In the Life in the Dreamhouse web series, Nikki is portrayed as a fashionable and confident DJ and fashion model with a sassy, fun-loving attitude. She has a keen sense of style and a bold personality, often using her sharp wit to stand out in conversations. Despite her confident exterior, Nikki is also deeply loyal and protective of her friends, always ready to stand up for them when needed. Her mix of charm, humor, and fierce loyalty makes her a key figure in the group.

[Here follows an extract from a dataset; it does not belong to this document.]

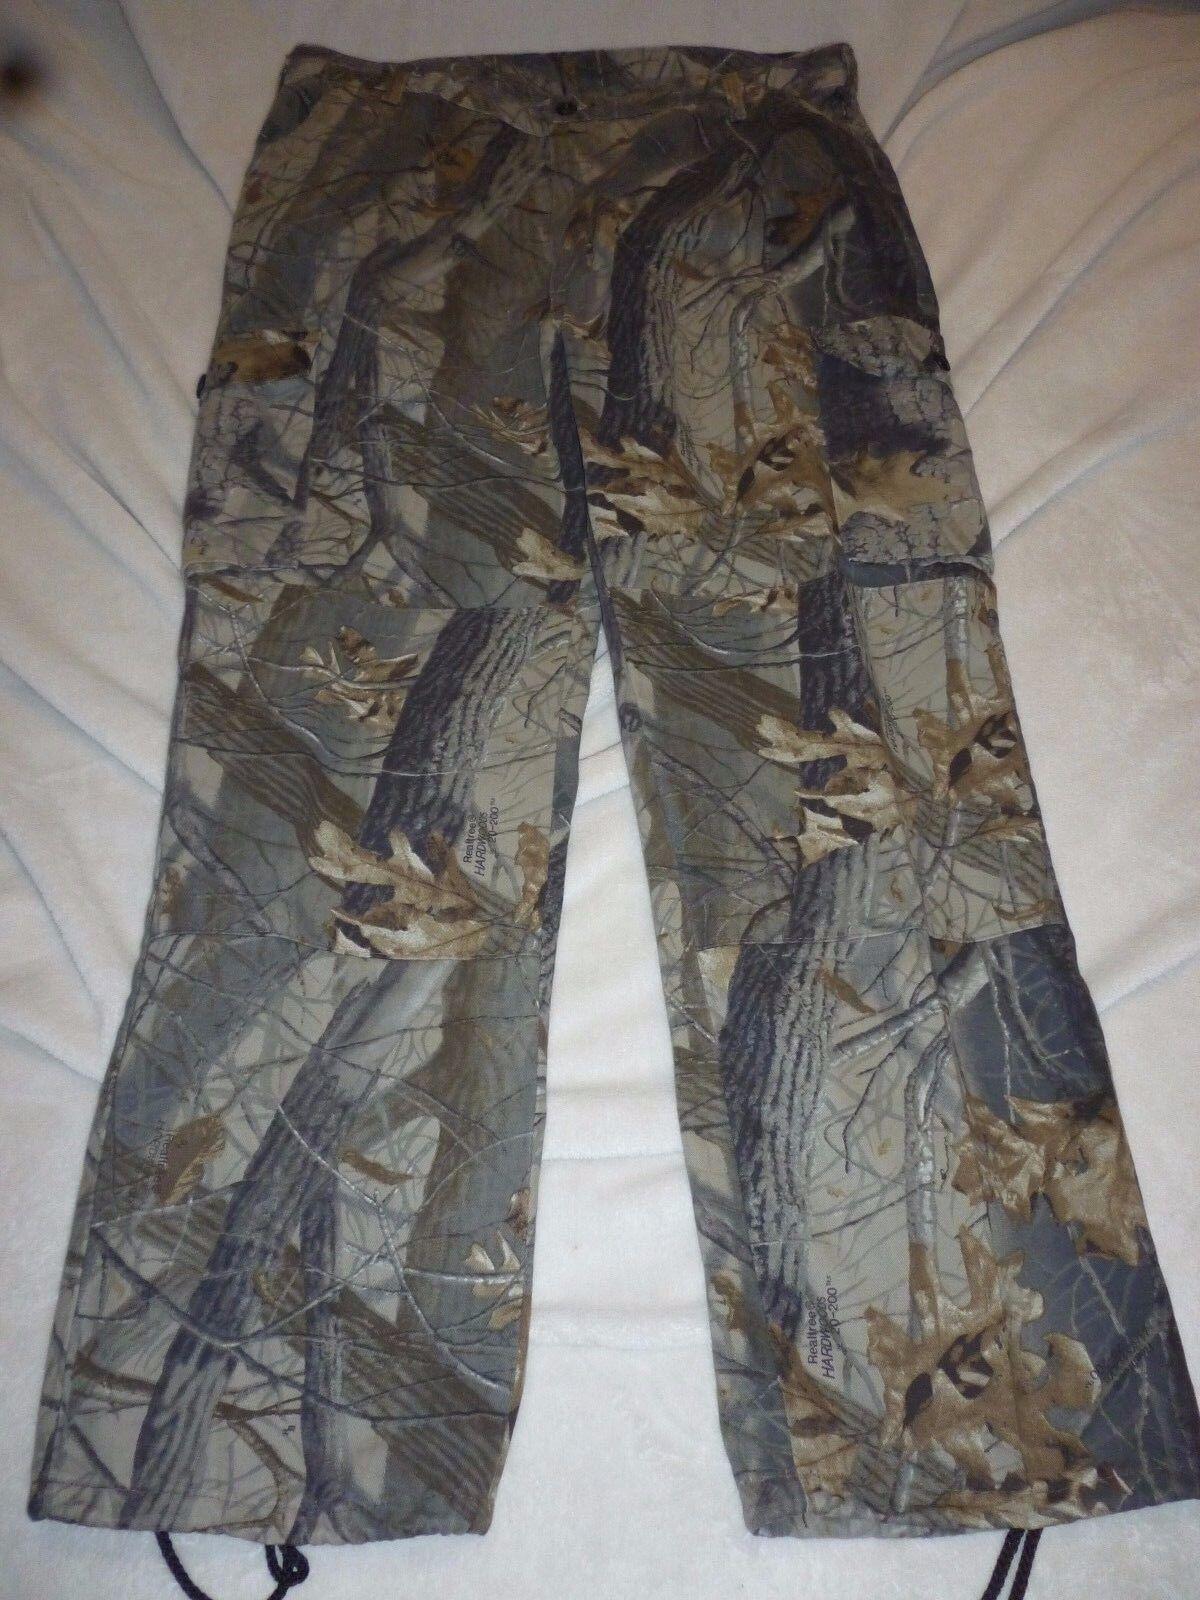 Hunting Pants, Realtree, Walls Outdoors, XL-Reg, EC, USA

In Barbie: Dreamhouse Adventures, Barbie: Princess Adventure, Barbie: Big City Big Dreams, Barbie: It Takes Two, and Barbie: A Touch of Magic, Nikki is a friendly and creative teenage fashion designer who attends Golden Beach High School. She’s known for her entrepreneurial drive, having started two successful businesses: a mobile bistro scooter called "Go Bistro," and a dog-walking service called "Watkins' Woofs and Walks," showcasing her love for animals.

==Fashion==
Historically, Nikki dolls often shared outfits with Barbie in various lineups, while Teresa would receive new clothing. Nikki had distinct looks in Fashion Fever or Fashionistas where everyone has a variety of outfits in many colors and themes, which is the point of the line. Or when the doll was modeled after a version of her from a specific media appearance, such as a show or movie. Starting in 2016, Mattel significantly reduced the production of Nikki dolls as part of "The Doll Evolves" campaign, which emphasized a diverse range of nameless Barbie dolls. Despite this, Nikki continues to have dolls released that are associated with visual media. Nikki's signature hairstyle post-2017 is two buns or afro-puffs.

==Headmolds==
- When Nikki debuted in 2005, she was given her own headmold.
- Nikki Chat Divas used a headsculpt with mouth mechanism, the "Barbie 2006 Headmold."
- Later, Nikki used a headsculpt that was similar to that of Christie, with the "Asha Headmold."
- In Top Model Series, Nikki used the "Model Of The Moment Nichelle Headmold".
- In some prototypes, Nikki used the "Asha Headmold" or "Teresa 2006 Headmold".
- In 2010, Nikki used the "Desiree Headmold".
- Barbie Holiday 201 is the only Holiday collection in which the characters have names, and Nikki is the afro girl at that moment. This makes her use the "Madam La Vinia facemold".
- In 2019, the "Barbie Dreamhouse adventures Nikki Travel Doll" used a new headmold very similar to the Mbili/Grace headmold but with teeth.

==Trivia==
- Rapper Onika Maraj gave herself the stage name "Nicki Minaj" after Barbie's best friend Nikki, and declared that she was the "Black Barbie" as a reference to the Barbie Doll friend she aspired to be as a child.

==Residence==
Nikki lives in Malibu, California, in the 2018 Netflix series, Barbie: Dreamhouse Adventures. In the Life in the Dreamhouse web series, she lives in a mansion called "The House of Nikki."